We expect that a lot of these patients will be on other therapies for heart failure and hypertension, which are very, very common in this population. We expect to complement the data from FIDELIO and FIGARO. In fact, we will pull the data from those trials as well with FINEARTS-HF so that we can really examine it across the full spectrum of ejection fraction in overlapping populations with renal disease, diabetes, and heart failure.

HCPLive: When speaking with clinicians, many express concern over the risk for hyperkalemia with finerenone. With this trial provide any answers to questions surrounding this potential increase in risk?

Solomon: Of course. We are obviously looking very carefully at hyperkalemia. Any mineralocorticoid receptor antagonists will have a risk of hyperkalemia—there is no question about that. There is at least some data to suggest that, compared to spironolactone, finerenone may have the same degree of potency with a lower risk of hyperkalemia. That's something we're going to observe in this trial. One thing that we always forget is that one of the reasons MRAs may have proven useful in heart failure with reduced ejection fraction is that they raise potassium because hypokalemia is as much of a risk factor as hyperkalemia. Potassium doesn't usually cause a problem until it reaches a fairly high range of about 6 mmol. Many of our patients with heart failure, especially those who are on diuretics, end up having very low potassium, which predisposes them to sudden cardiac death. So, one of the benefits of MRAs may be to raise potassium levels slightly. However, if your potassium is already high to begin with, that could be a problem, and that's something we are watching very carefully in this trial.

HCPLive: With sacubitril/valsartan and SGLT2 inhibitors, HFpEF has undergone a revolution in recent years. Looking ahead, if this trial were to prove benefit in this population, could this be the third paradigm-shifting therapeutic advance for heart failure in a decade?

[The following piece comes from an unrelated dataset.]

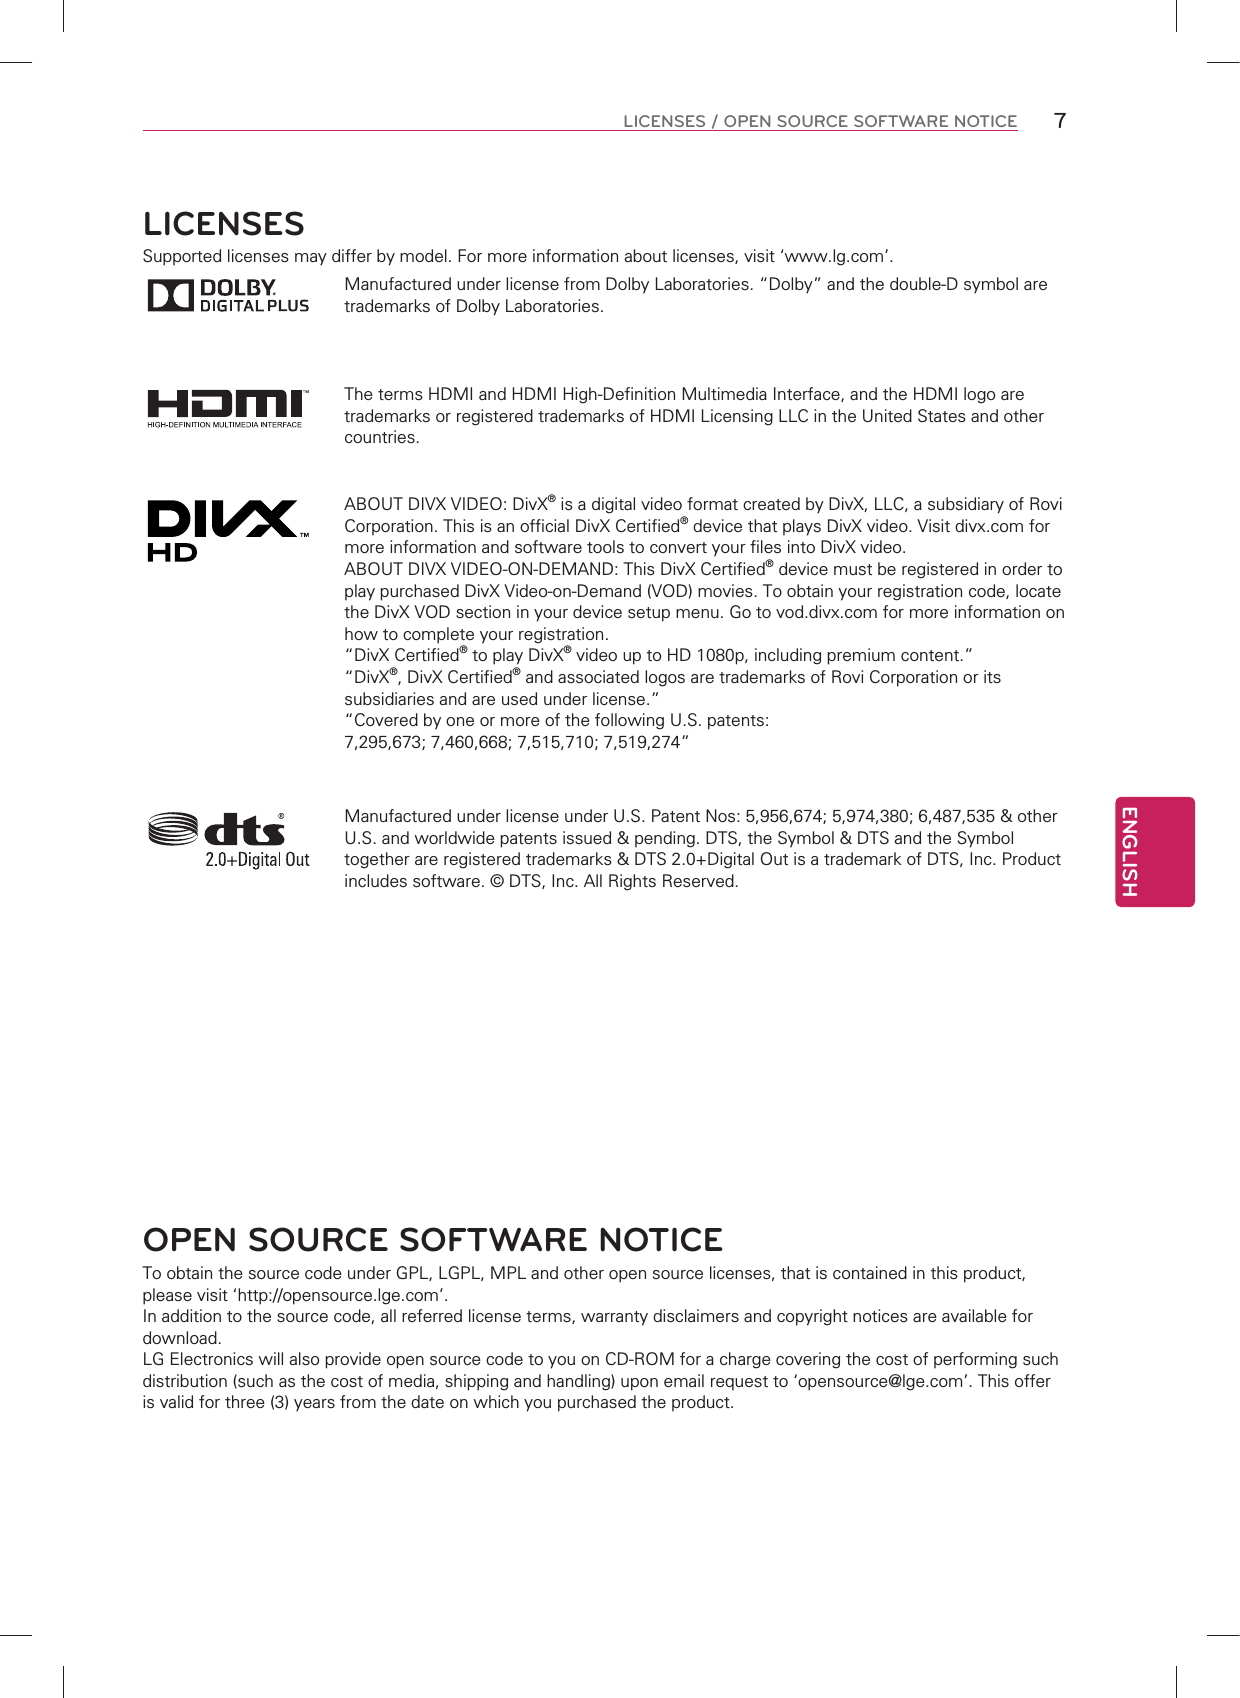 ENGLISH7LICENSES / OPEN SOURCE SOFTWARE NOTICELICENSESSupported licenses may differ by model. For more information about licenses, visit ‘www.lg.com’.Manufactured under license from Dolby Laboratories. “Dolby” and the double-D symbol are trademarks of Dolby Laboratories.The terms HDMI and HDMI High-Definition Multimedia Interface, and the HDMI logo are trademarks or registered trademarks of HDMI Licensing LLC in the United States and other countries.ABOUT DIVX VIDEO: DivX® is a digital video format created by DivX, LLC, a subsidiary of Rovi Corporation. This is an official DivX Certified® device that plays DivX video. Visit divx.com for more information and software tools to convert your files into DivX video.ABOUT DIVX VIDEO-ON-DEMAND: This DivX Certified® device must be registered in order to play purchased DivX Video-on-Demand (VOD) movies. To obtain your registration code, locate the DivX VOD section in your device setup menu. Go to vod.divx.com for more information on how to complete your registration. “DivX Certified® to play DivX® video up to HD 1080p, including premium content.”“DivX®, DivX Certified® and associated logos are trademarks of Rovi Corporation or its subsidiaries and are used under license.”“Covered by one or more of the following U.S. patents: 7,295,673; 7,460,668; 7,515,710; 7,519,274”Manufactured under license under U.S. Patent Nos: 5,956,674; 5,974,380; 6,487,535 &amp; other U.S. and worldwide patents issued &amp; pending. DTS, the Symbol &amp; DTS and the Symbol together are registered trademarks &amp; DTS 2.0+Digital Out is a trademark of DTS, Inc. Product includes software. © DTS, Inc. All Rights Reserved.OPEN SOURCE SOFTWARE NOTICETo obtain the source code under GPL, LGPL, MPL and other open source licenses, that is contained in this product, please visit ‘http://opensource.lge.com’.In addition to the source code, all referred license terms, warranty disclaimers and copyright notices are available for download.LG Electronics will also provide open source code to you on CD-ROM for a charge covering the cost of performing such distribution (such as the cost of media, shipping and handling) upon email request to ‘opensource@lge.com’. This offer is valid for three (3) years from the date on which you purchased the product.

Solomon: Well, I don't like to make predictions, especially about the future. However, I can tell you that I think it is very likely that, in heart failure with mildly reduced and preserved ejection fraction, we will be using multiple therapies in the future. We now have multiple therapies available, and SGLT2 inhibitors are expected to become the standard of care in this group. I suspect that all the guidelines will soon reflect this. In the US and in around 30 other countries, sacubitril/valsartan is currently indicated for some patients in this group. It would not surprise me if, based on the results of this trial, finerenone could potentially become a third treatment option in our arsenal for these patients. We need to see which patients will benefit in the FINEARTS trial and to what extent, and how it may be distinguished from the steroidal MRAs that we are currently using in some of these patients.